One such dog was a five-day-old puppy plucked from a bomb-riddled kennel in France by an American corporal from Los Angeles. The corporal took the puppy home, trained him, and turned him into one of Hollywood's most recognizable four-legged stars: Rin Tin Tin, who appeared in 26 movies and helped popularize the breed in America.

Although the Allies were impressed by the German dogs, they weren't so happy with the dog's German roots. During wartime all things German were stigmatized, and in 1917, the American Kennel Club (AKC) changed the breed's name to the Shepherd Dog.

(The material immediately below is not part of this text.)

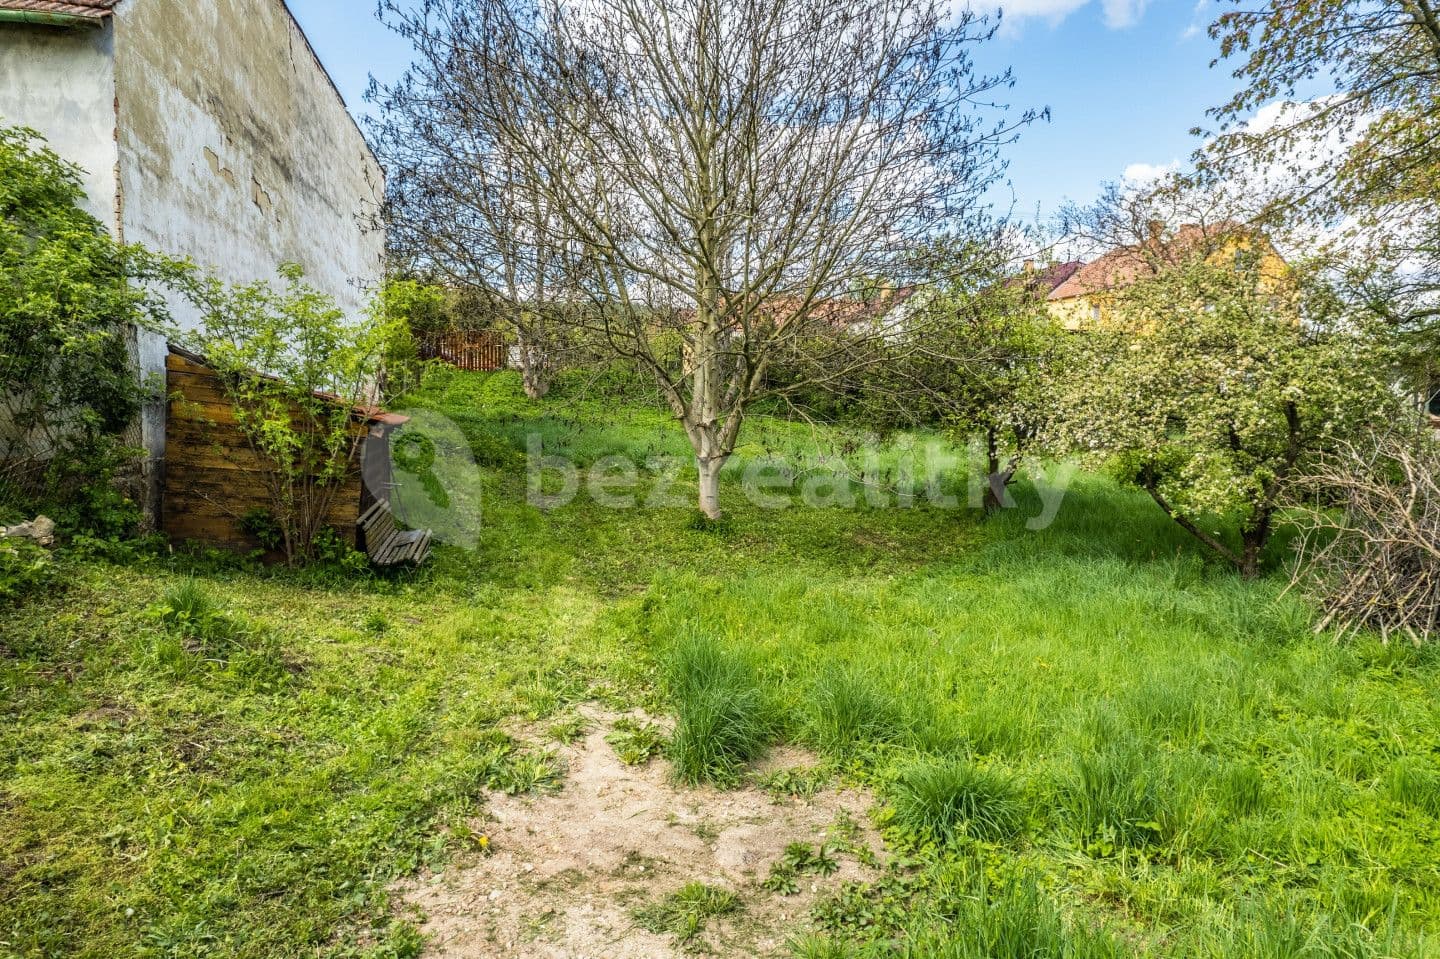 plot for sale, 1,096 m², Vanovice, Jihomoravský Region

In England, the dog was renamed the Alsatian Wolf Dog, after the German-French border area of Alsace-Lorraine. The AKC went back to using the original name of German Shepherd Dog in 1931; it took until 1977 for the British Kennel Club to do the same.
Von Stephanitz stayed closely involved with the development of the breed, and as early as 1922, he became alarmed by some of the traits that were turning up in the dogs, such as poor temperament and a tendency to tooth decay. He developed a system of tight quality control: Before any individual German Shepherd was bred, he needed to pass numerous tests of his intelligence, temperament, athleticism, and good health.

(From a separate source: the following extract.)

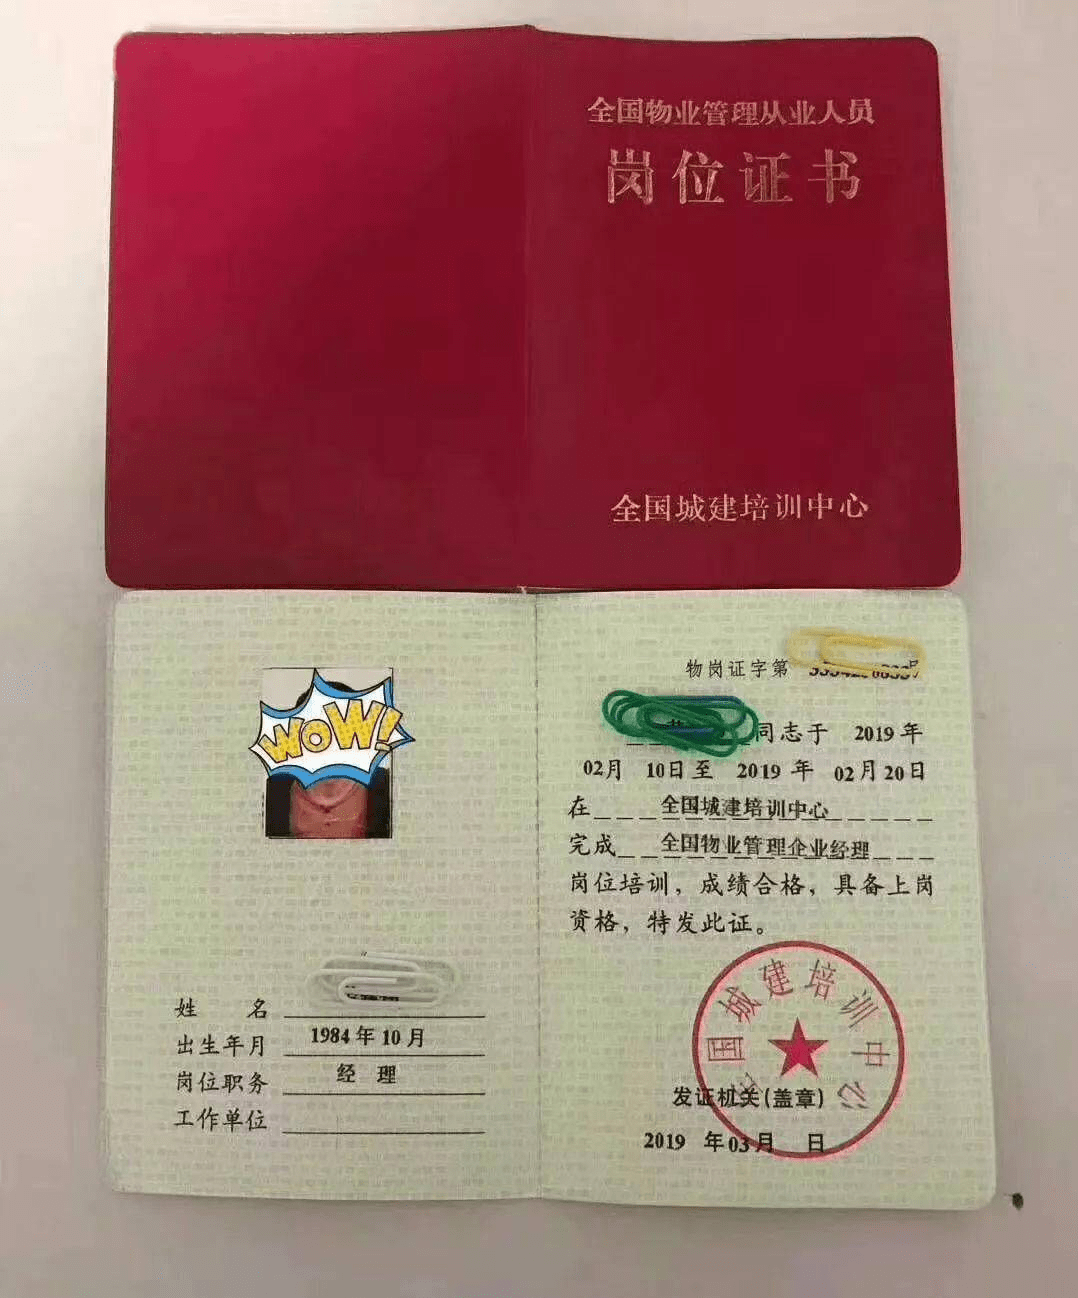 上海市物业管理师注册部门(注册物业管理师证书是否取消)

American breeding of German Shepherds, on the other hand, wasn't nearly so regulated. In the United States, the dogs were bred to win dog shows, and breeders put more emphasis on looks and on the dogs' gait, or way of moving.

After World War II, American- and German-bred German Shepherds began to diverge dramatically. At one point, the U.S. police departments and military began importing German Shepherd working dogs, because homegrown German Shepherds were failing performance tests and plagued by genetic health conditions.

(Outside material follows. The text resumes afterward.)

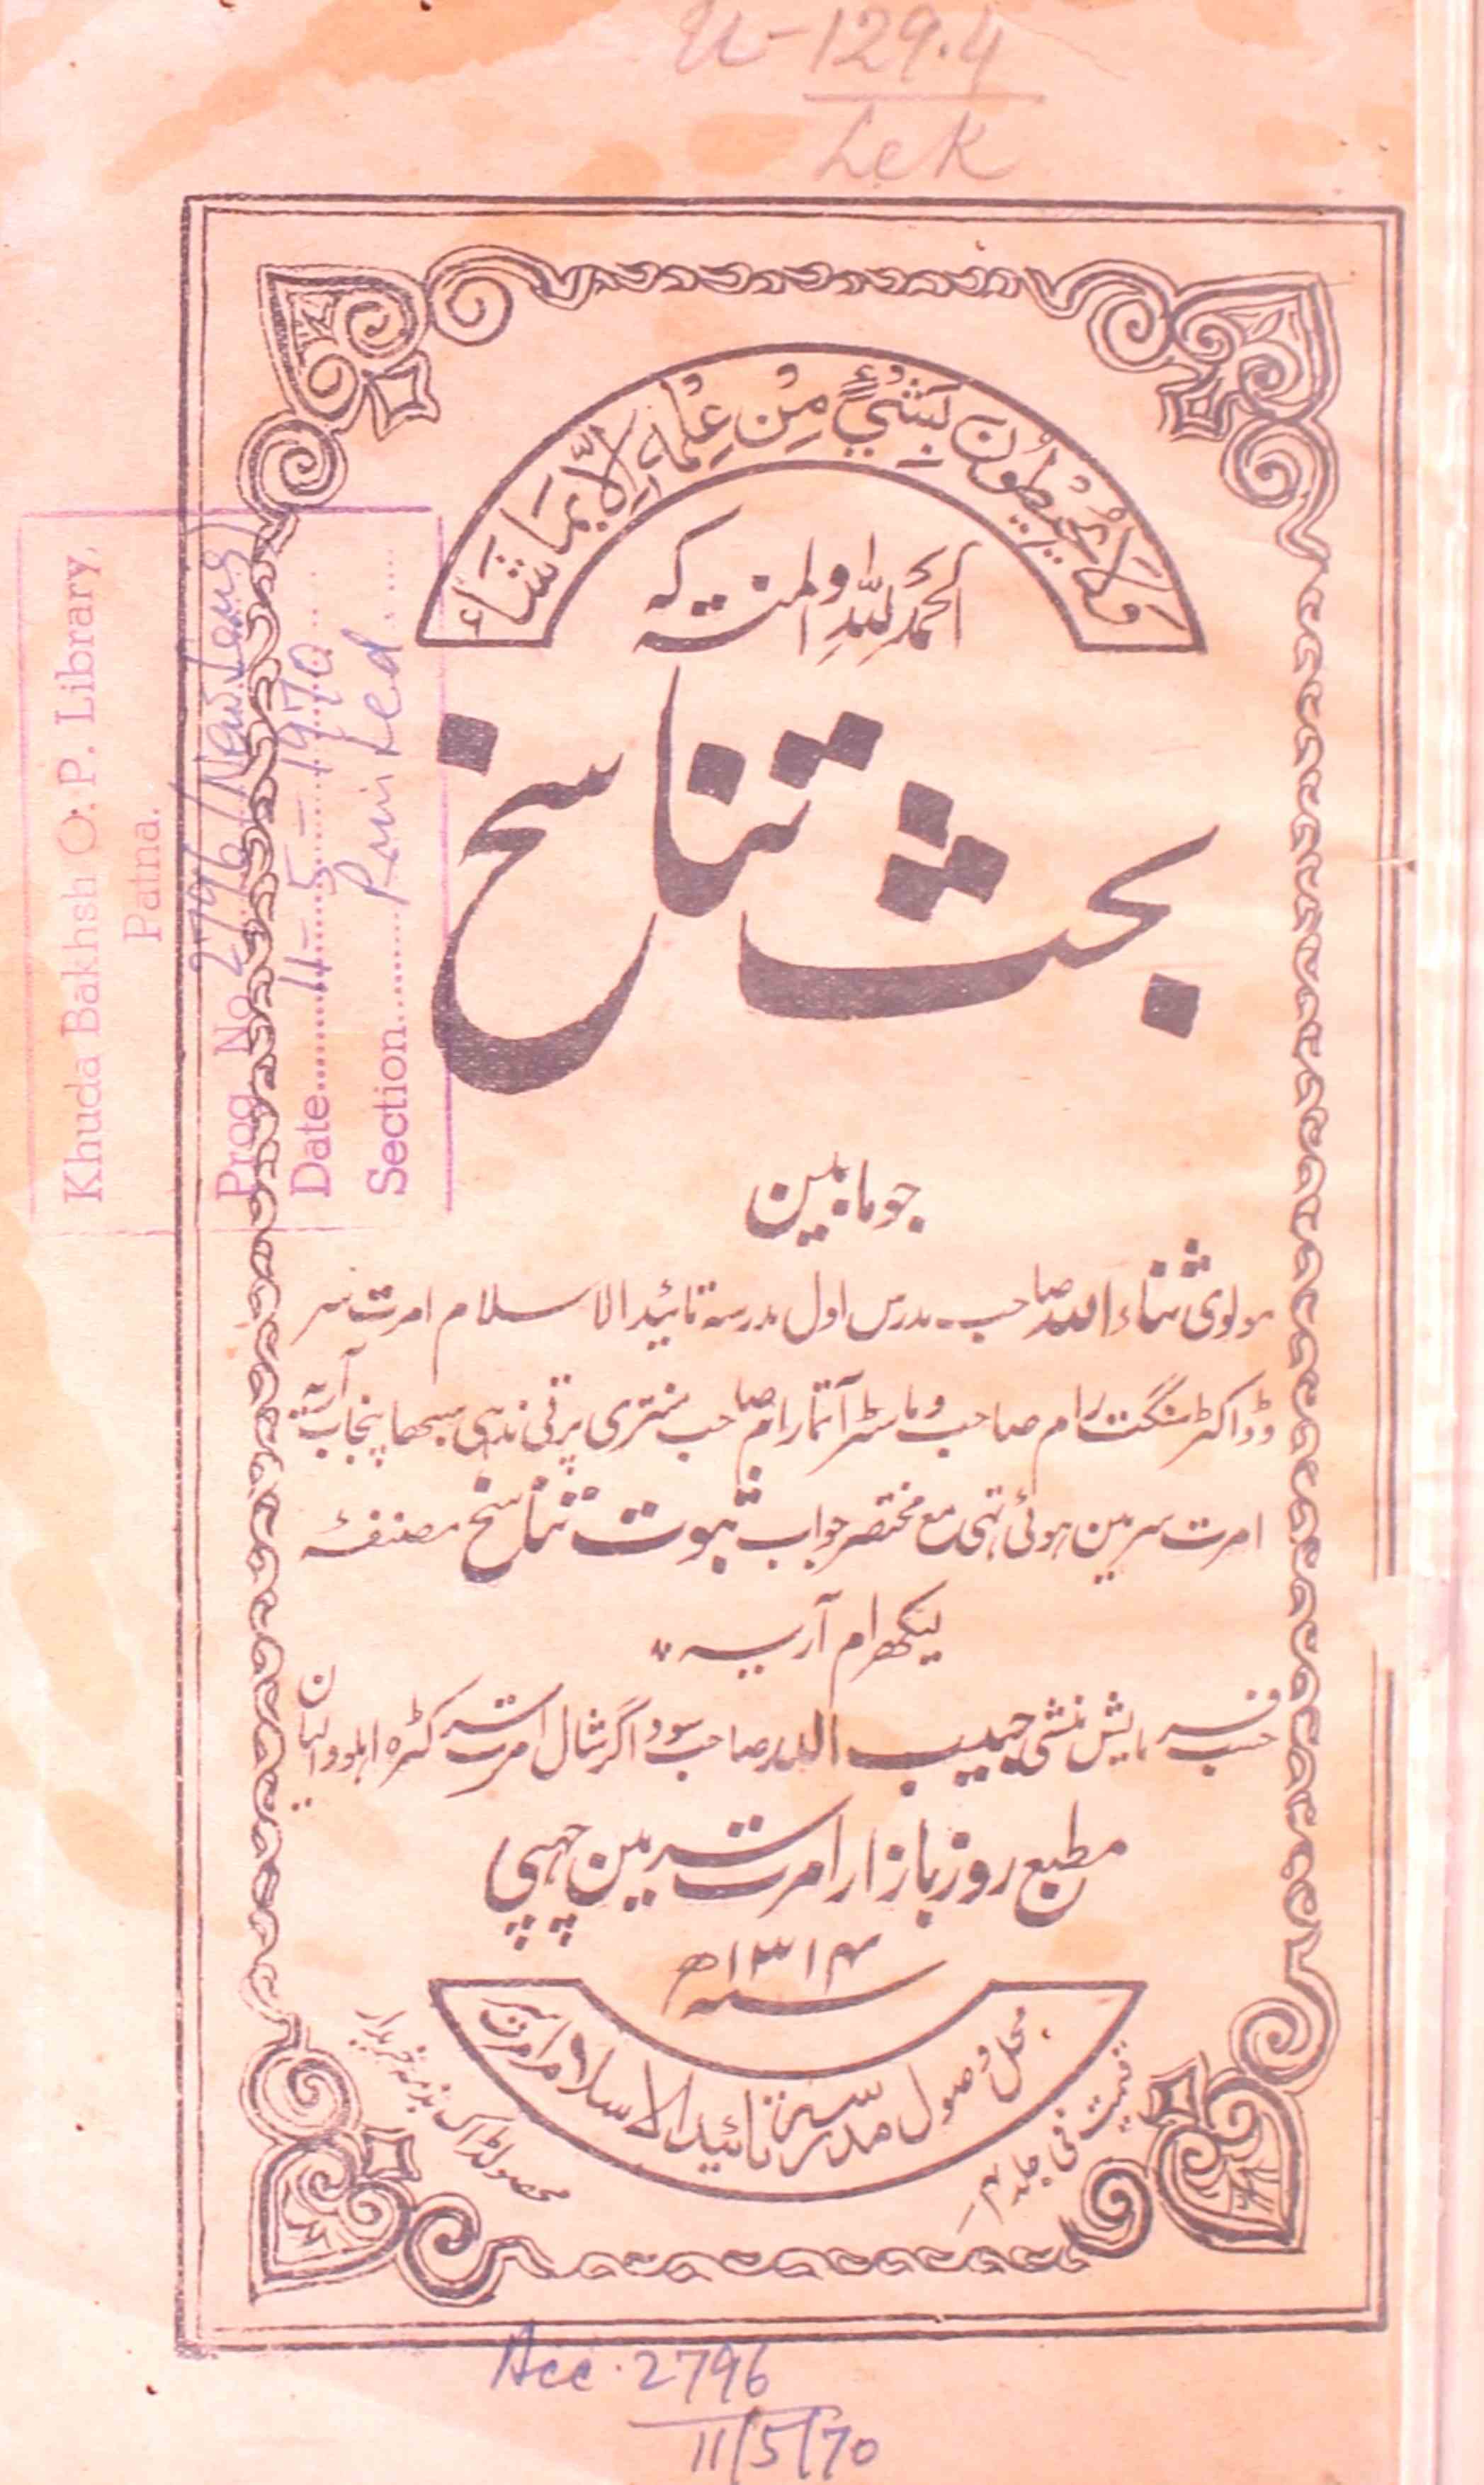 Bahs-e-Tanasukh

In the past few decades, some American breeders have begun to put the emphasis back on the breed's abilities rather than just appearance, importing working dogs from Germany to add to their breeding program. It's now possible to buy American-bred German Shepherds that live up to the breed's reputation as a capable working dog.
The German Shepherd personality is aloof but not usually aggressive. He's a reserved dog; he doesn't make friends immediately, but once he does, he's extremely loyal. With his family he's easy-going and approachable, but when threatened he can be strong and protective, making him an excellent watchdog.
This highly intelligent and trainable breed thrives on having a job to do — any job. The German Shepherd can be trained to do almost anything, from alerting a deaf person to a doorbell ring to sniffing out an avalanche victim.
One thing he's not good at is being alone for long periods of time. Without the companionship he needs — as well as exercise and the chance to put his intelligence to work — he becomes bored and frustrated. A German Shepherd who's under-exercised and ignored by his family is likely to express his pent-up energy in ways you don't like, such as barking and chewing.
Like every dog, the German Shepherd needs early socialization — exposure to many different people, sights, sounds, and experiences — when they're young. Socialization helps ensure that your German Shepherd puppy grows up to be a well-rounded dog.
If he's well trained and has had plenty of exposure to kids, especially as a puppy, a German Shepherd is a great companion for children. In fact, some say he's a cross between a babysitter and a cop, both gentle with, and protective of, the children in his family.
This is a big dog, though, capable of mistakenly bumping a toddler or small child. True to his reserved nature, he's not tail-wagging friendly with kids he doesn't know, but he's generally trustworthy.
The German Shepherd can also live peacefully with other dogs and pets, as long as he was taught to do so from puppyhood. Introducing an adult German Shepherd to a household with other pets can be more difficult if the dog isn't used to getting along with other dogs or cats. You may need to hire a professional trainer to help, or get advice from the rescue organization if that's where you acquired the adult German Shepherd.